Projects | July 1, 2015 | By:

SocialTextiles_commoninterest
If MIT’s social textiles take off, they will promote connections among people with like interests living or working in the same environment. Current social media technologies promote connectivity at a distance from day-to-day reality. Photo: MIT Media Lab

The MIT (Massachusetts Institute of Technology) Media Lab, Cambridge, Mass., asked this question: Are current forms of social media making our relationships better? In response, MIT researchers developed the social textile to improve connections among people with common interests.

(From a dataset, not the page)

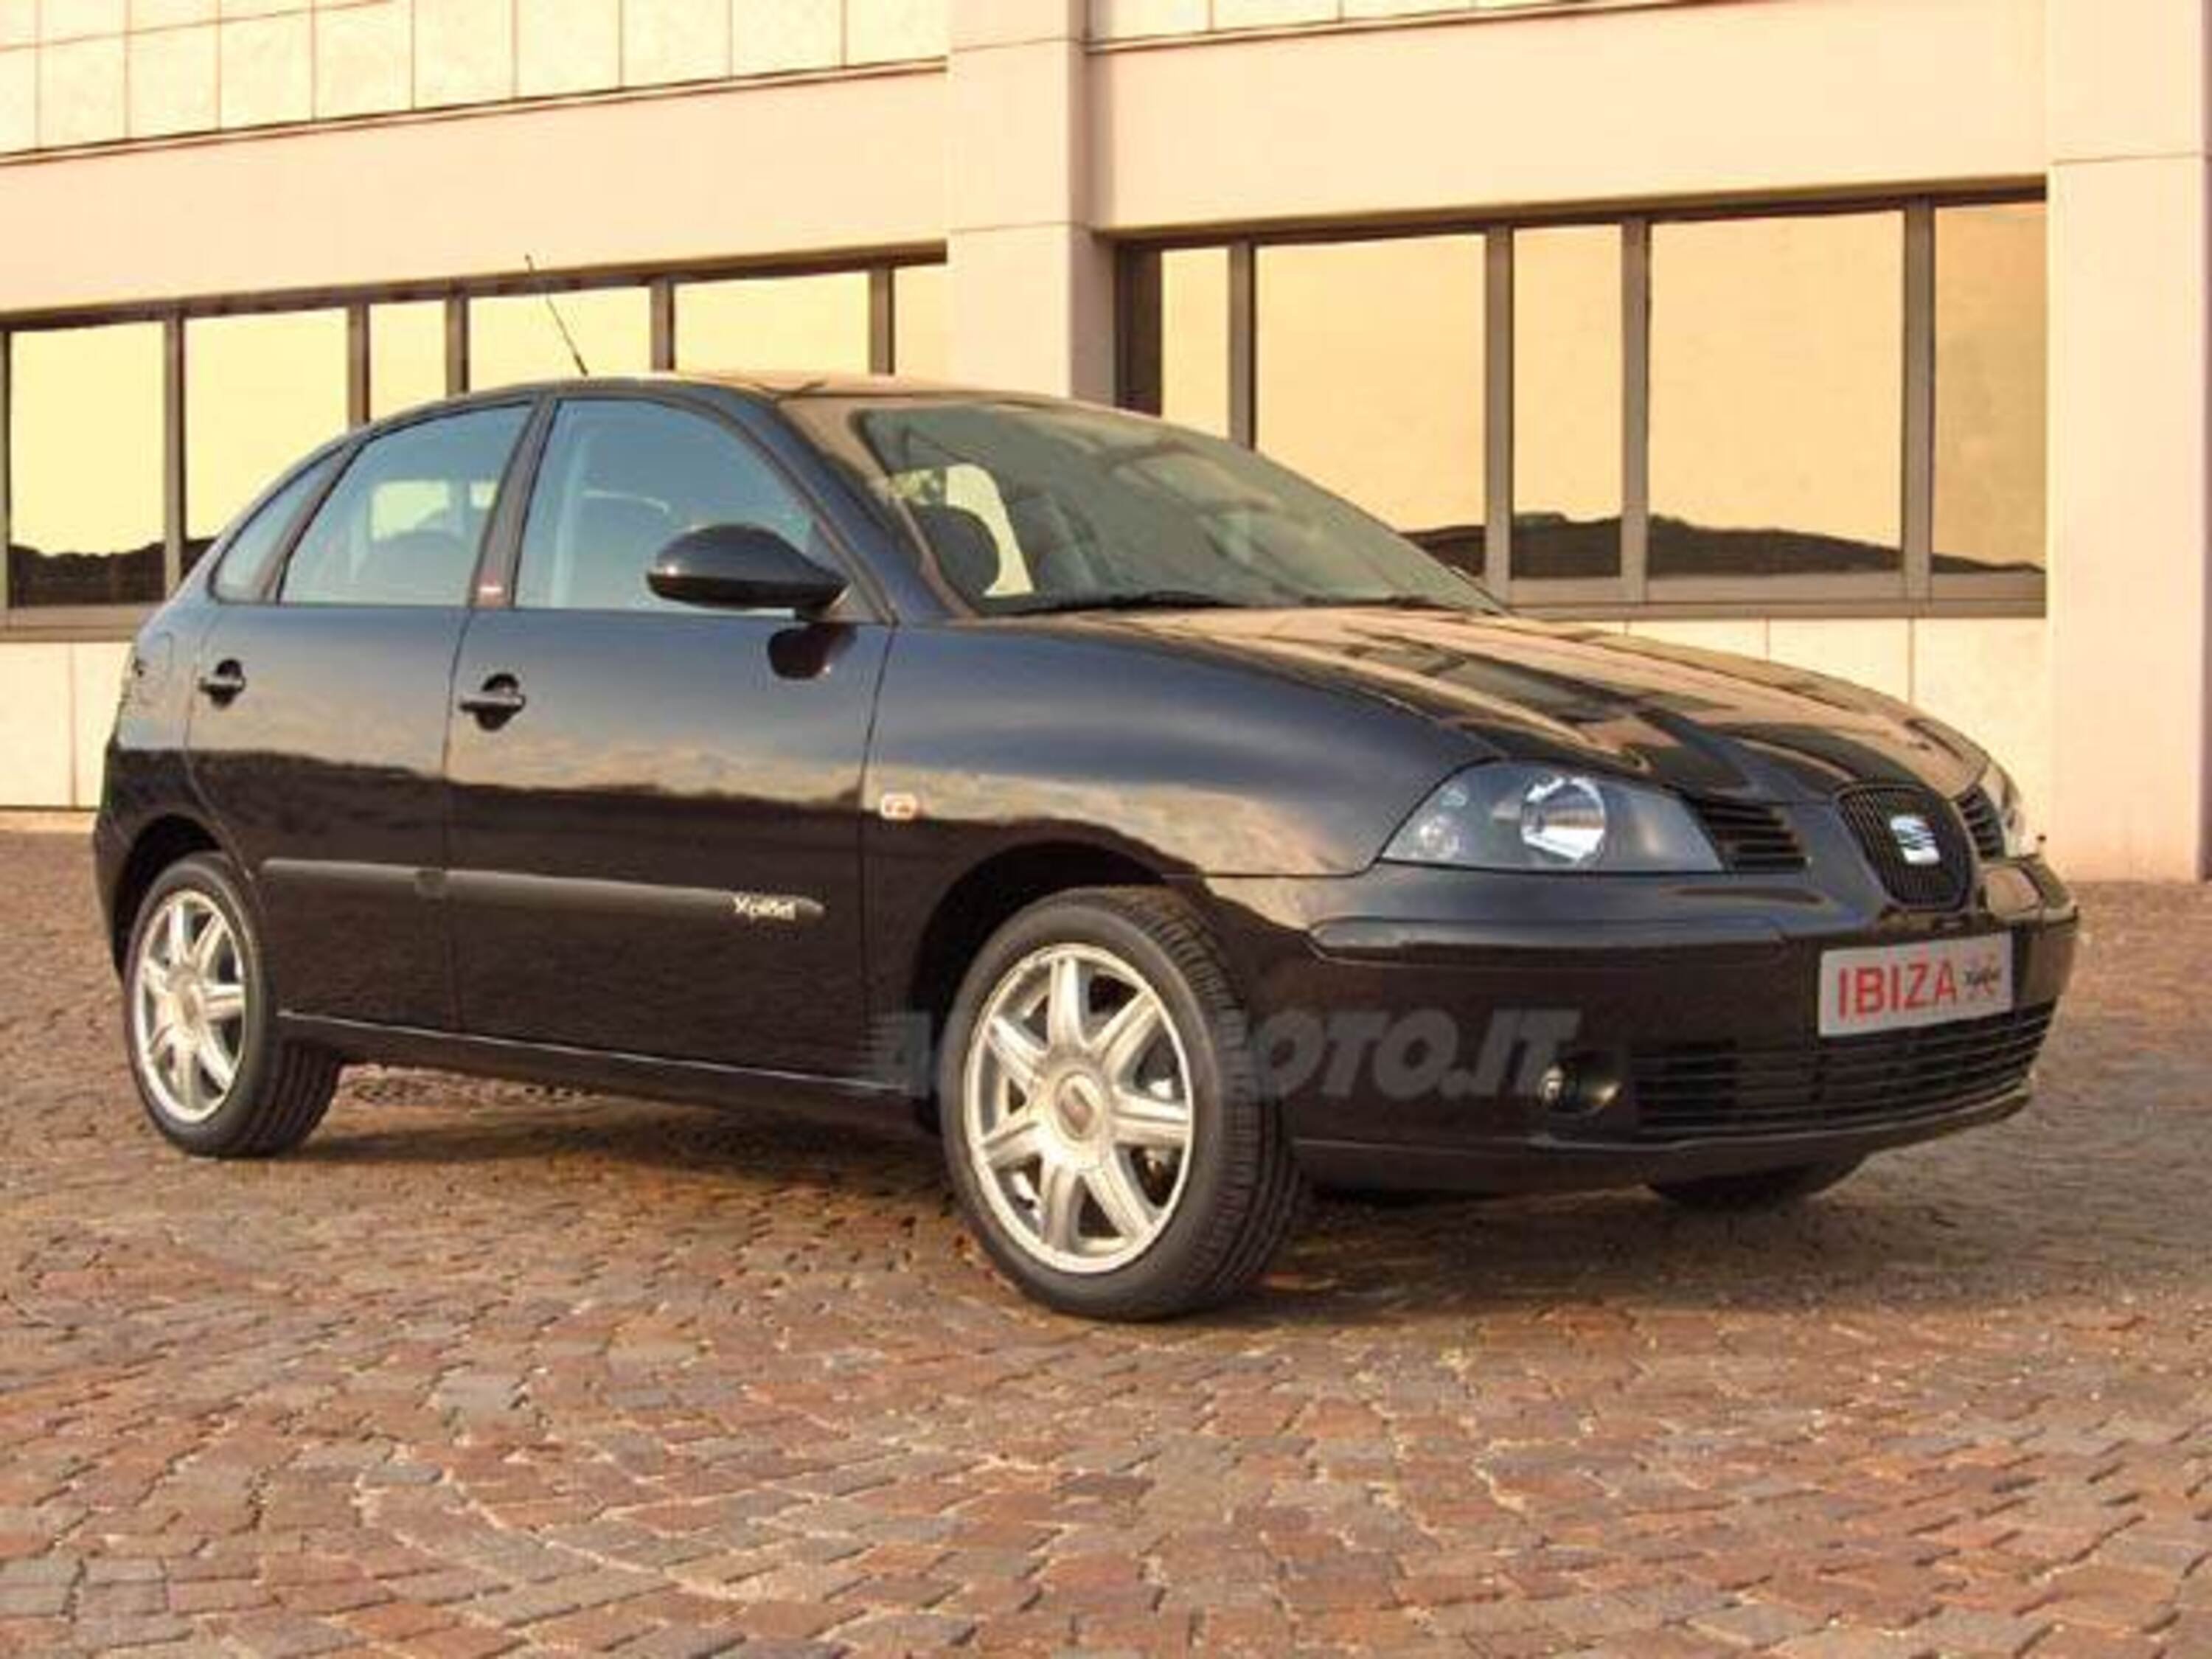 SEAT Ibiza 1.4 5p. Xplod (02/2005 - prezzo e tecnica - Automoto.it

T-shirts often carry written messages, but MIT’s social textile T-shirt carries technology—a capacitive sensor along the shoulder seams, a tiny motor on the shoulder, printed letters in thermochromic ink on soft conductive fabric, and an arduino board, a digital device that senses or controls the environment. The letters each T-shirt wearer chooses say something about his or her interests—MIT, for example, signals “I go to school at MIT”; JAZZ, “I play or listen to jazz music.”; NYC, “I love New York City.”; or LOL, “I’m a text-o-holic who likes to laugh out loud.” When someone else wearing a social textile is within a 12-foot range, the user feels a tap on the shoulder, the message that a kindred spirit is nearby. When these two people (who could be complete strangers) shake hands or “high five,” touch triggers changes in the T-shirt’s printed letters to single out combinations the pair has in common.